The tumor suppressor protein, coined P53, is involved in apoptosis, cell cycle regulation and angiogenesis, which all contribute to the pathogenesis of AKI. A small interfering ribonucleic acid (siRNA), QPI-1002 (teprasiran), inhibits P53, and demonstrated a significant 13% absolute risk reduction (OR 0.58, 95% CI 0.37–0.92, p = 0.02) in AKI incidence in a phase 2 trial in cardiac surgery patients [15], in addition to promising phase 2 results for the prevention of delayed graft function following kidney transplantation (NCT00802347).
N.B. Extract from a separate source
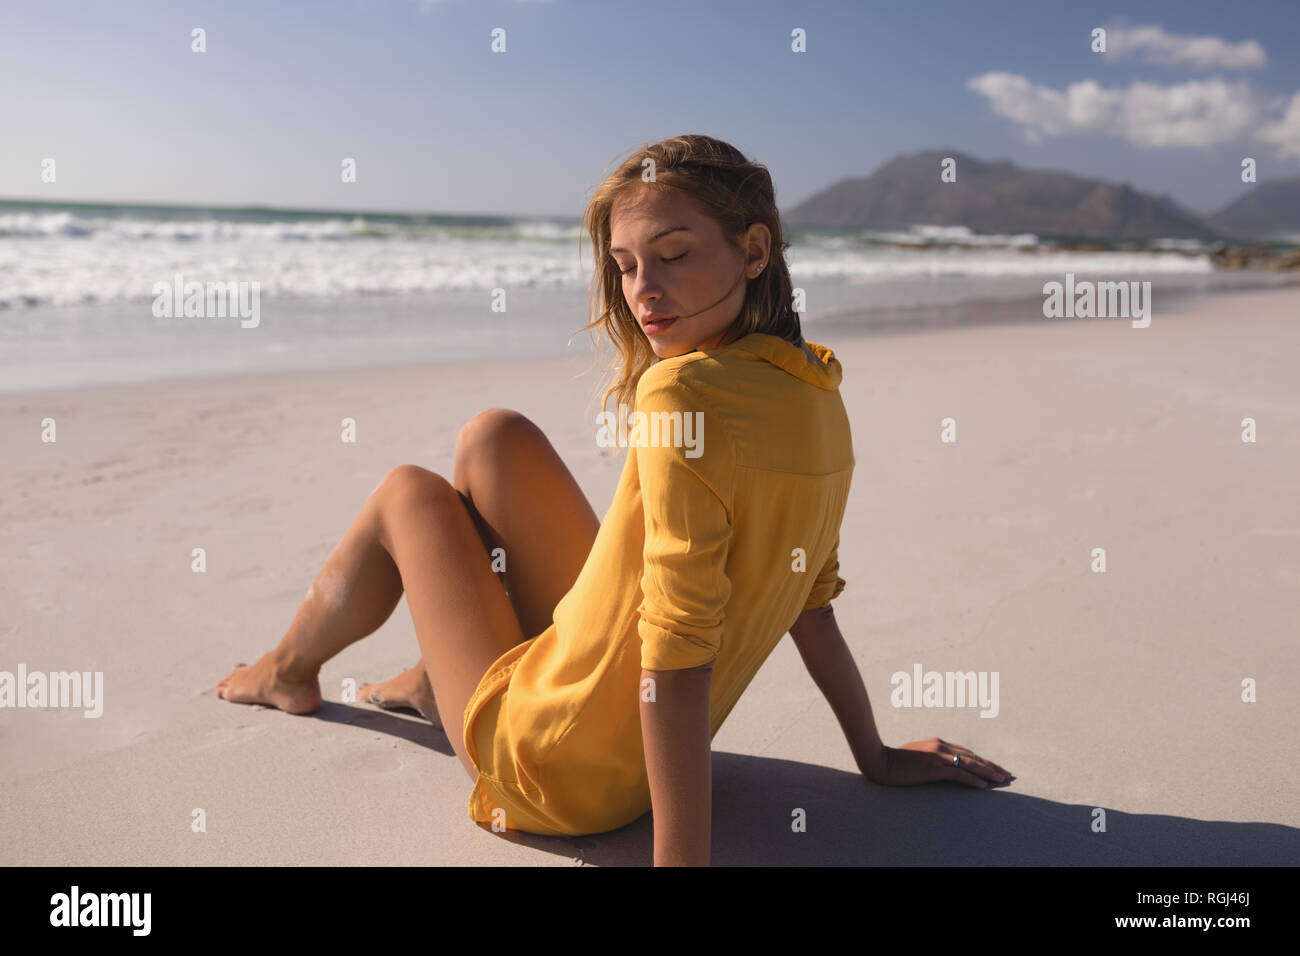 Young woman relaxing at beach on a sunny day Stock Photo

However, a subsequent phase 3 trials in cardiac surgery (NCT03510897), as well as in kidney transplant patients (NCT02610296) were reportedly negative.

Cellular repair and fibrosis

A variety of agents have been developed targeting pathways that promote renal tubular repair and regeneration in AKI, thus decreasing fibrosis and promoting recovery. Preclinical AKI studies demonstrated several benefits with mesenchymal stem cell (MSC) therapy, including anti-inflammatory, antiapoptotic, antioxidative, antifibrotic, immunomodulatory and proangiogenic effects; all promoting accelerated recovery [16]. However, a phase 2 RCT in cardiac surgery patients showed that administration of allogeneic MSCs did not decrease the time to recovery of kidney function [17].
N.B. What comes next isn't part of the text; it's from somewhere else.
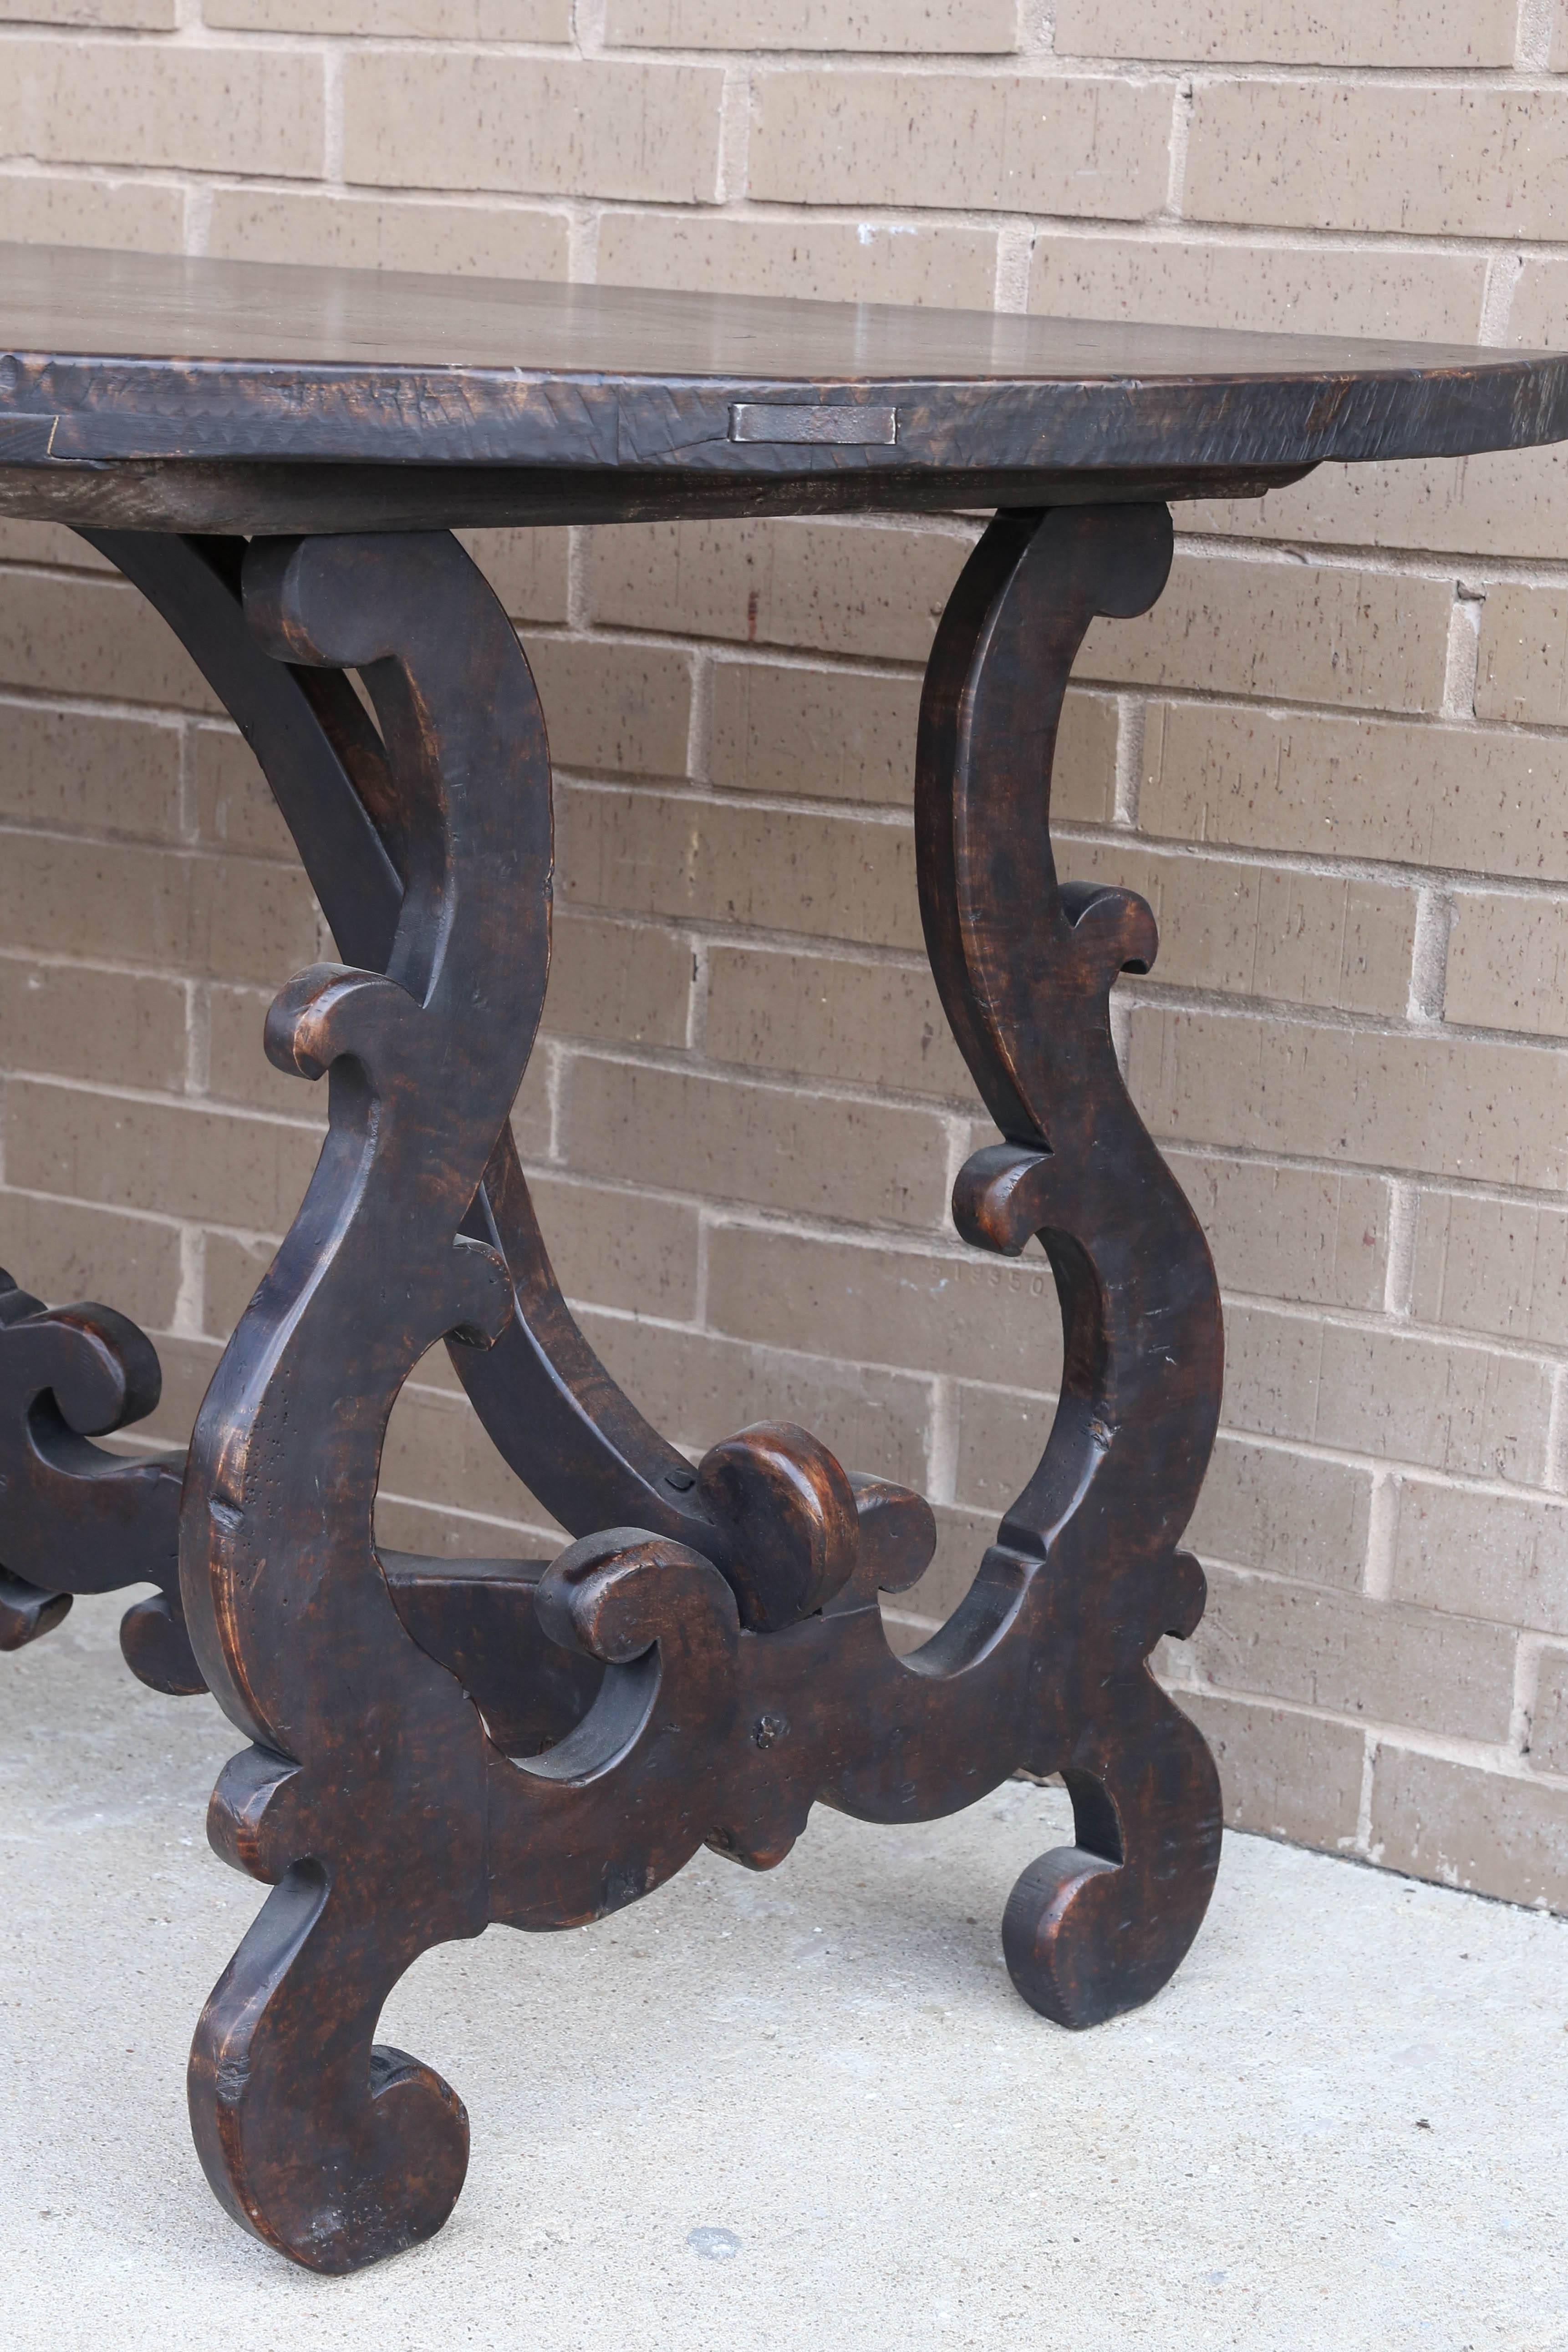 This elegant walnut demilune table is from Italy and makes a statement with its rich dark wood. (Only one available).

The bone morphogenic protein-7 agonist THR-184 has anti-inflammatory, anti-fibrotic, anti-apoptotic and tubular regenerative effects, but failed to prevent or ameliorate AKI following cardiac surgery [18]. More recently, hepatocyte growth factor (HGF; ANG-3777) was evaluated in clinical trials post-kidney transplantation (phase 3; NCT02474667) and during cardiac surgery (phase 2; NCT02771509). Both trials have ceased recruitment, but results have not been published. Development plans for both indications are under review in light of reportedly negative primary endpoints in both trials (www.angion.com). Taken together, broad-based cellular therapies and specific targeted pro-regenerative or anti-fibrotic therapies failed to decrease the incidence or severity of AKI.

Take-home message

AKI represents a major burden for both the patient and society, but a dedicated treatment is lacking so far, likely related to its multifactorial nature and our current inability to identify AKI-phenotypes. Nevertheless, with the recent advances in the understanding of its pathogenesis and progress in trial design, a spectrum of targeted therapeutic interventions is emerging that have potential to impact the prognosis of patients with AKI.